With images removed, return the whole listing exactly as written.

*Collected data*.
_ _ _ _

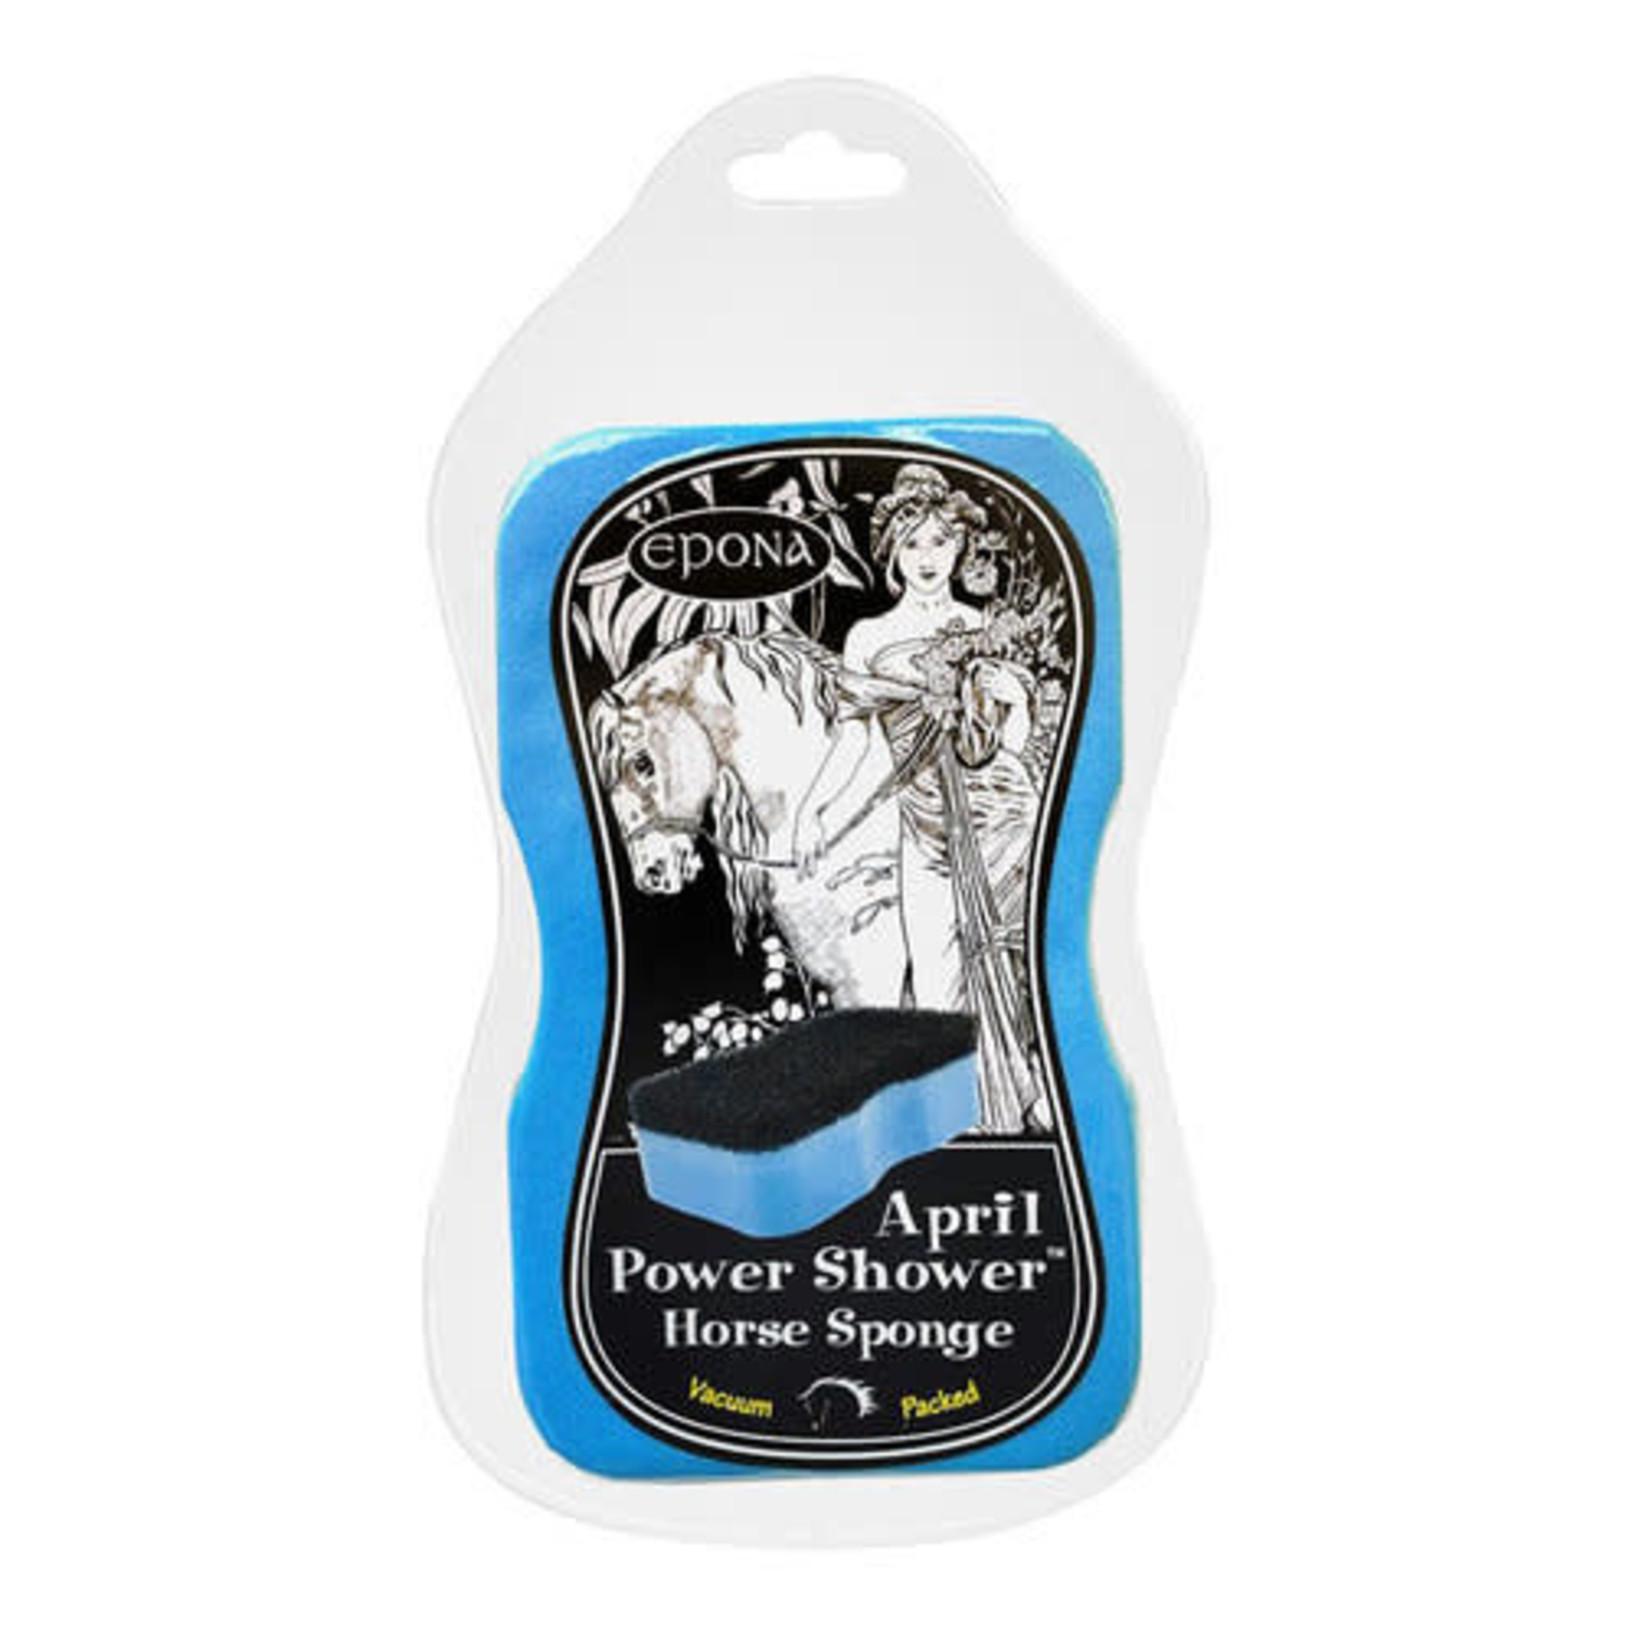 April Power Shower Sponge
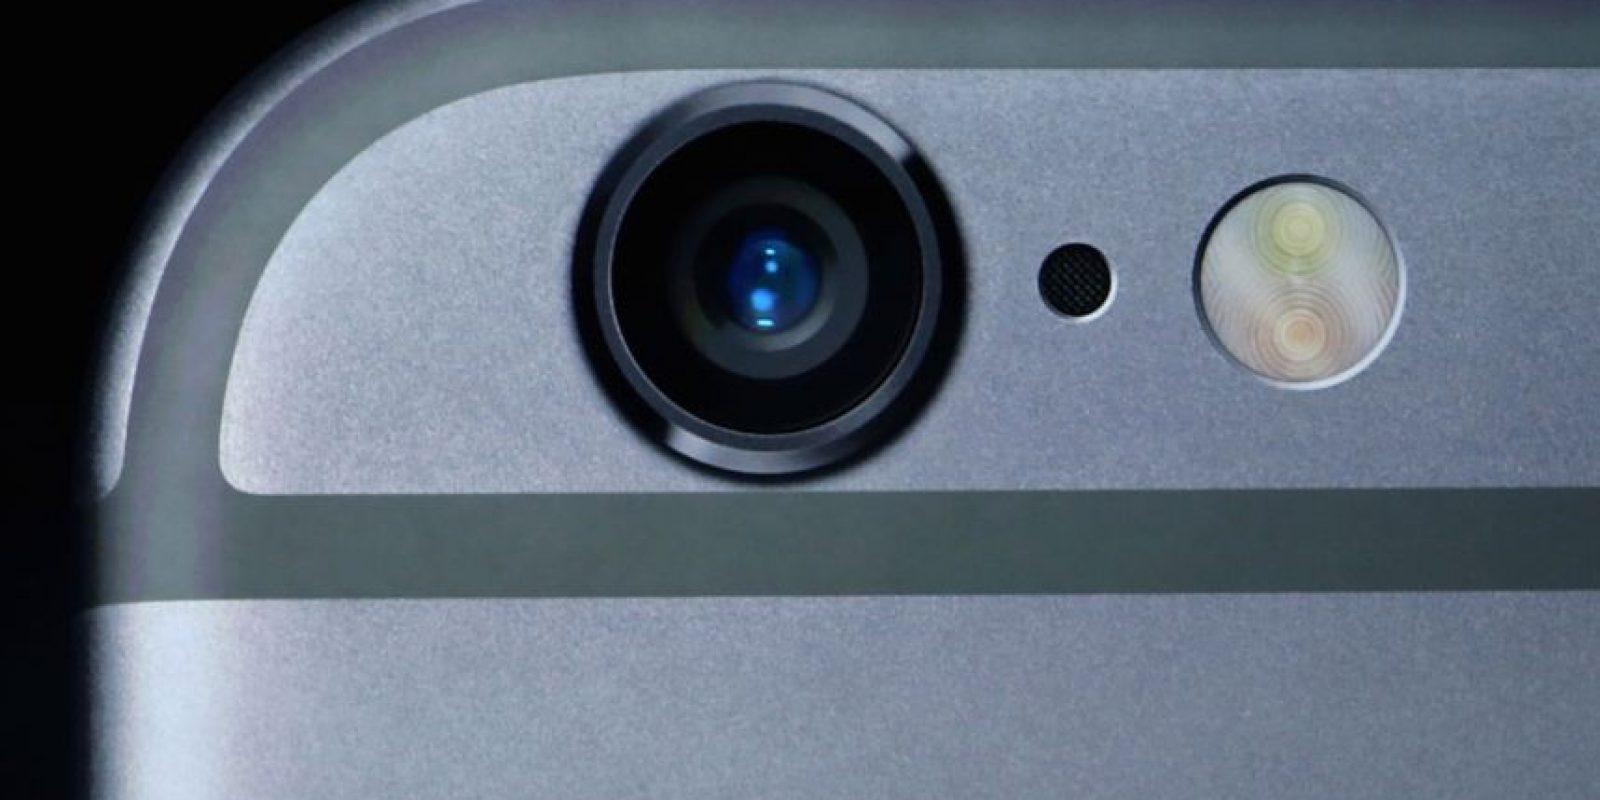 También corre el rumor de que la cámara mejoraría drásticamente con la incorporación de filtros externos o una doble cámara Foto:Getty Image
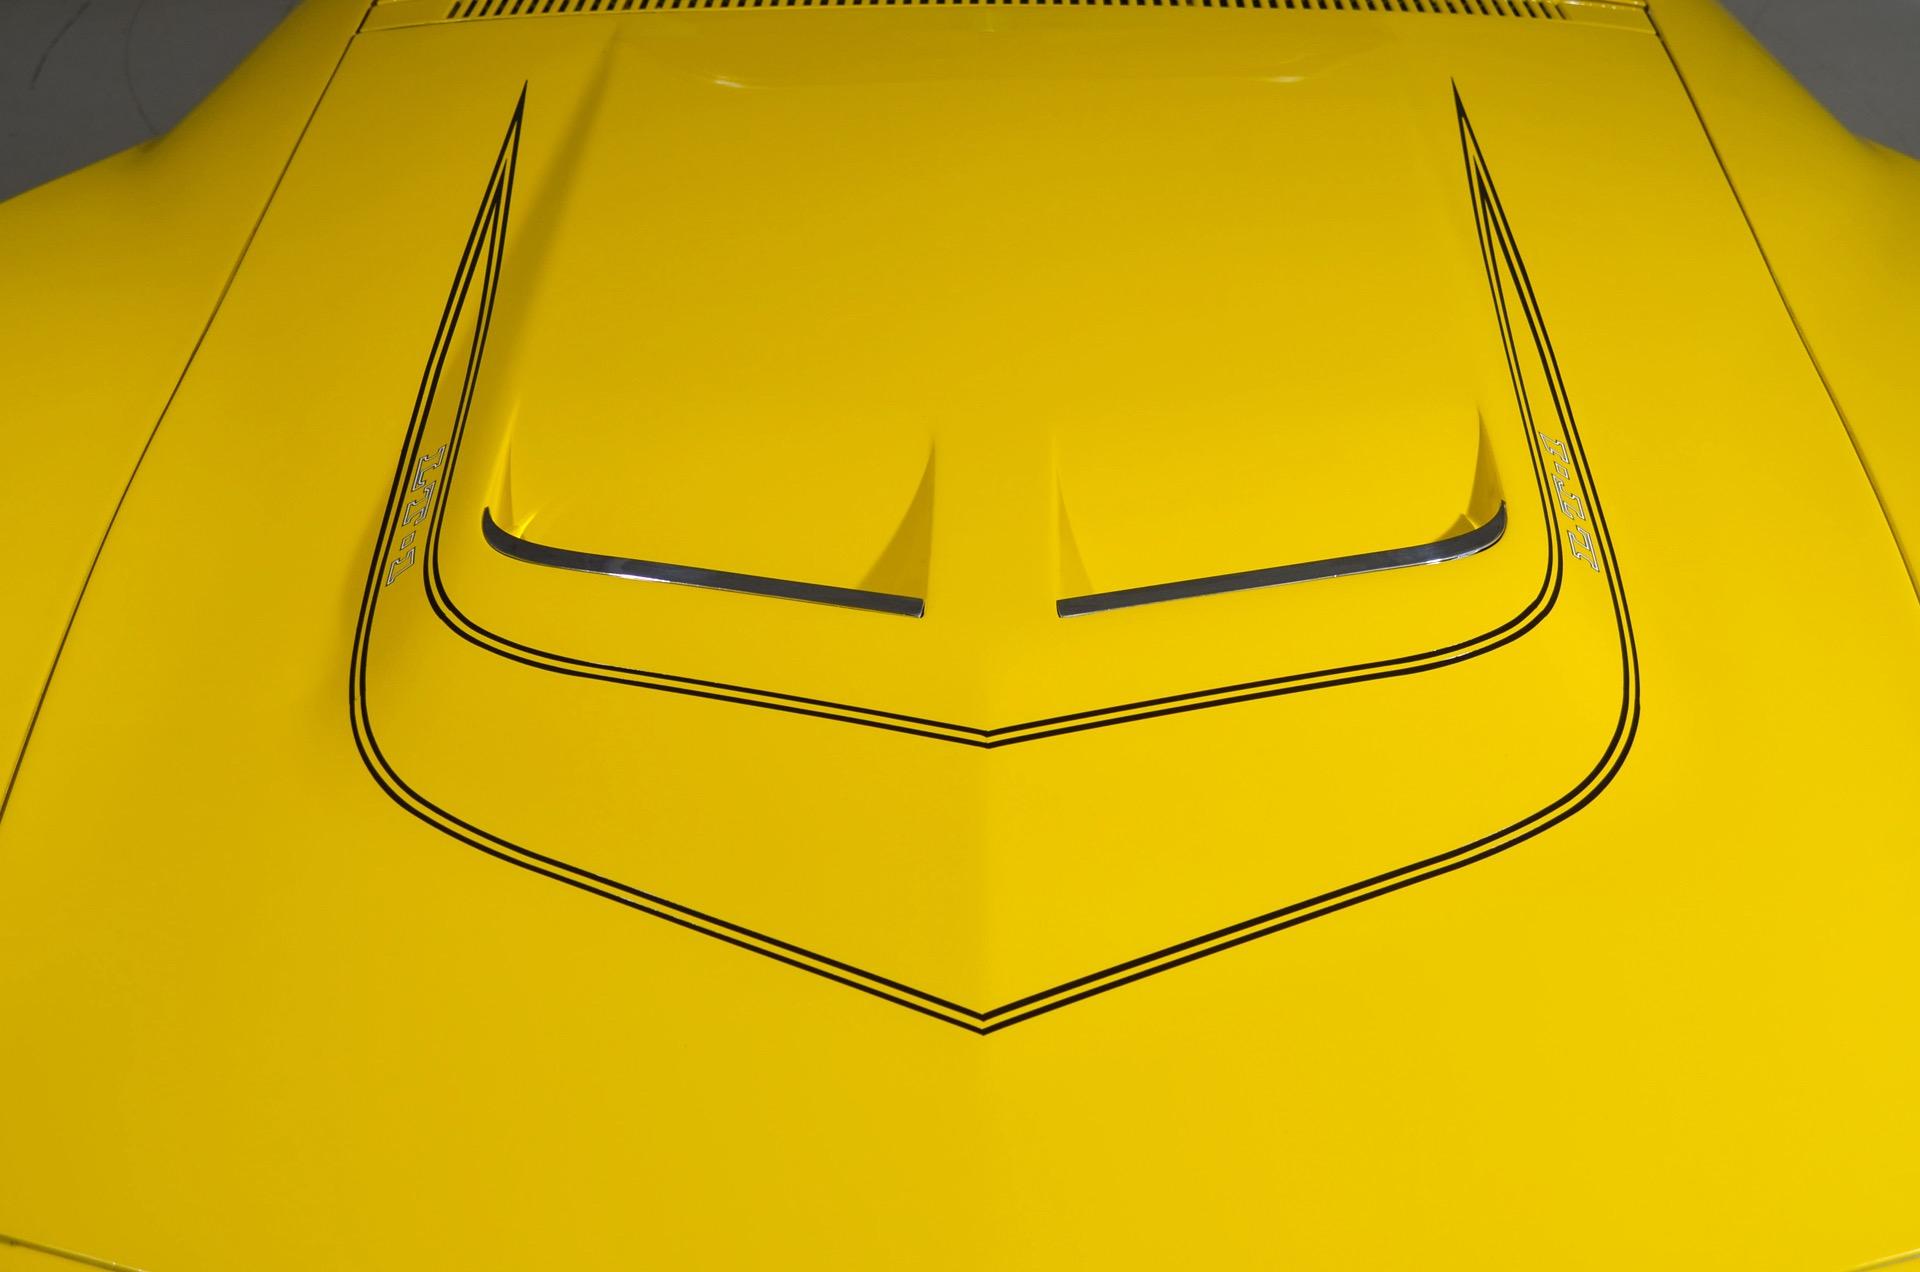 1971 Chevrolet Corvette LT1

_ _ _ _

*Result for this task*.
 April Power Shower Sponge
 También corre el rumor de que la cámara mejoraría drásticamente con la incorporación de filtros externos o una doble cámara Foto:Getty Image
 1971 Chevrolet Corvette LT1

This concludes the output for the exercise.